Mr. Winkel had made an employment contract with FHC (Family Health Care). A modified verbal contract was entered into that included Winkel’s salary increase and also a profit-sharing bonus. Family Health Care delivered on a salary increase; however, FHC failed to implement profit sharing. Assuming that oral modifications of contracts that are written with no actual implementation was prohibited by the Montana law; then, unless there was some payment of profit-sharing bonus, or there was a memorandum that existed from Loren and that proved an agreement on profit-sharing, Dennis would not have enforced the agreement that was modified, since he may not have gratified the burden of production, crucial to proving the existence of the contract.

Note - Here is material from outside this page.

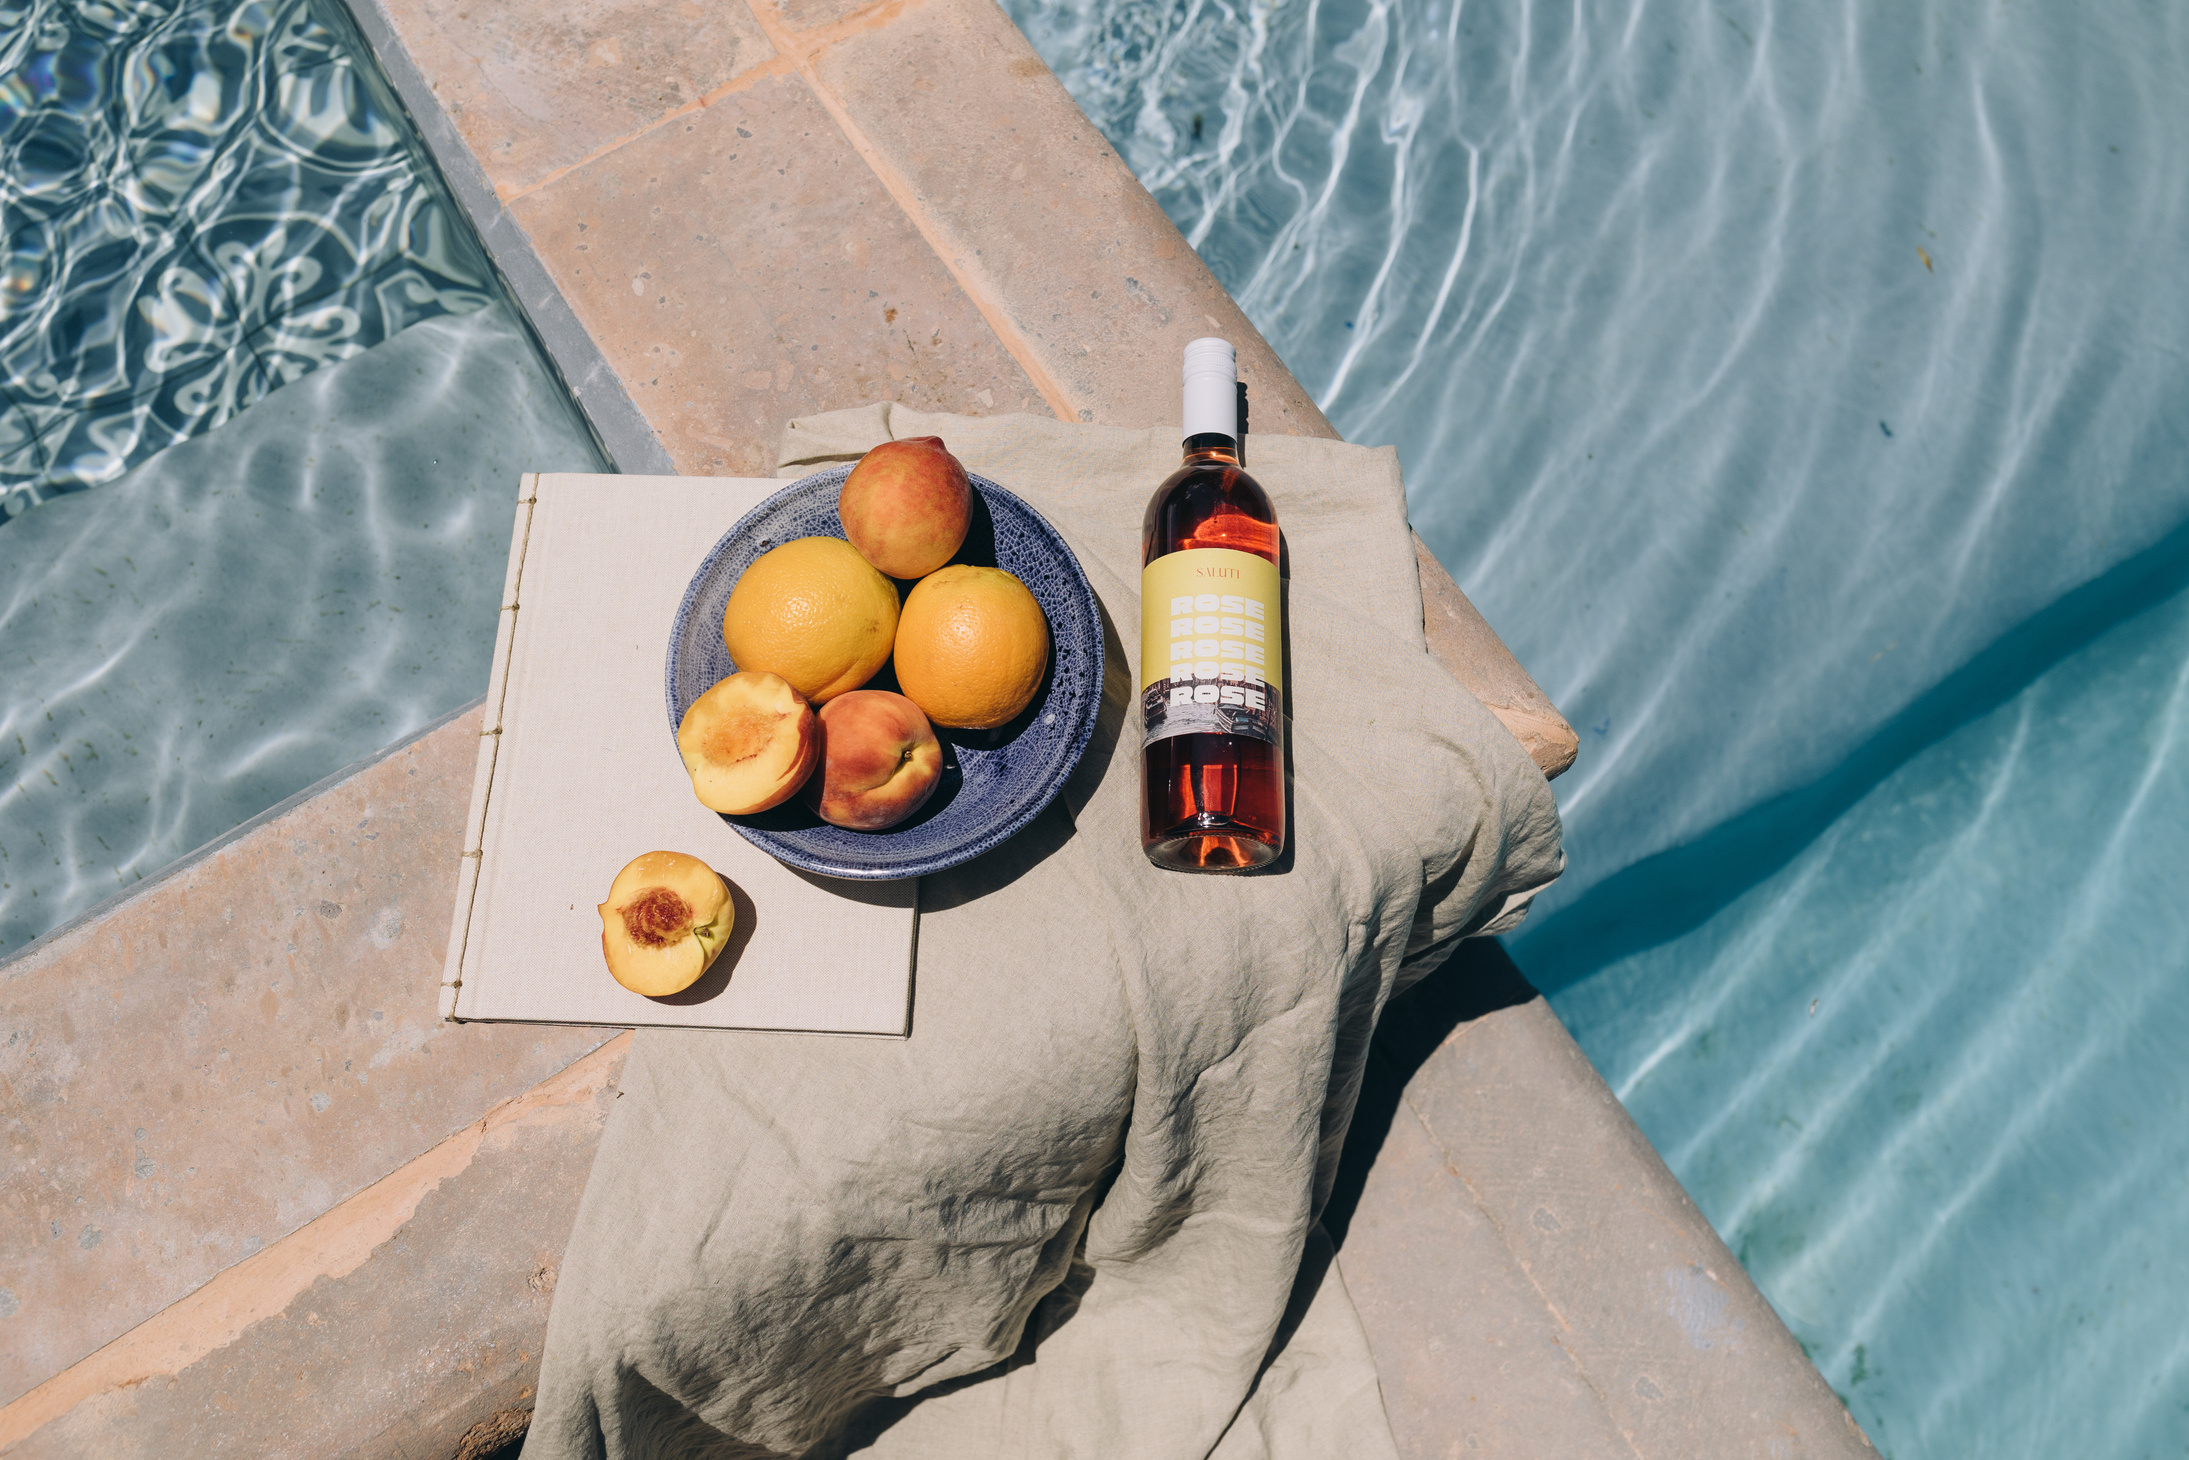 Peaches and Bottle of Wine by the Swimming Pool

In terms of ethical considerations on the actions of Loren, ethical judgments may be subjective. Consequently, the issue may be irrelevant since it has no tangible effect on the dispute’s legal outcome. After analyzing the case, the only issue may be that, the contract may be either enforceable or not (Winkel v. Family Health Care, 1983).

In my view, Winkel ought to have received the profit-sharing bonus. According to Dictionary.com, unethical means the unwillingness to stick to appropriate rules of conduct (Dictionary.com, 2014). Dr. Vranich’s decision not to honor the agreement on profit-sharing was unethical. This case shows that the parties agreed willingly and Dr. Vranich paid Winkel the salary increase. There may be a consideration of what is offered and articulated through words, and this may be apparent in the act of payment to the other involved party (U. S. Department of Labor Wage and Hour Division, 2011, pp. 1-13). The jury consented and awarded the profit-sharing bonus to Winkel. The best solution ought to have been a proper renegotiation of the contract after Dr. Quan’s departure; for the reason that, this might have eliminated perplexity regarding profit-sharing and payment.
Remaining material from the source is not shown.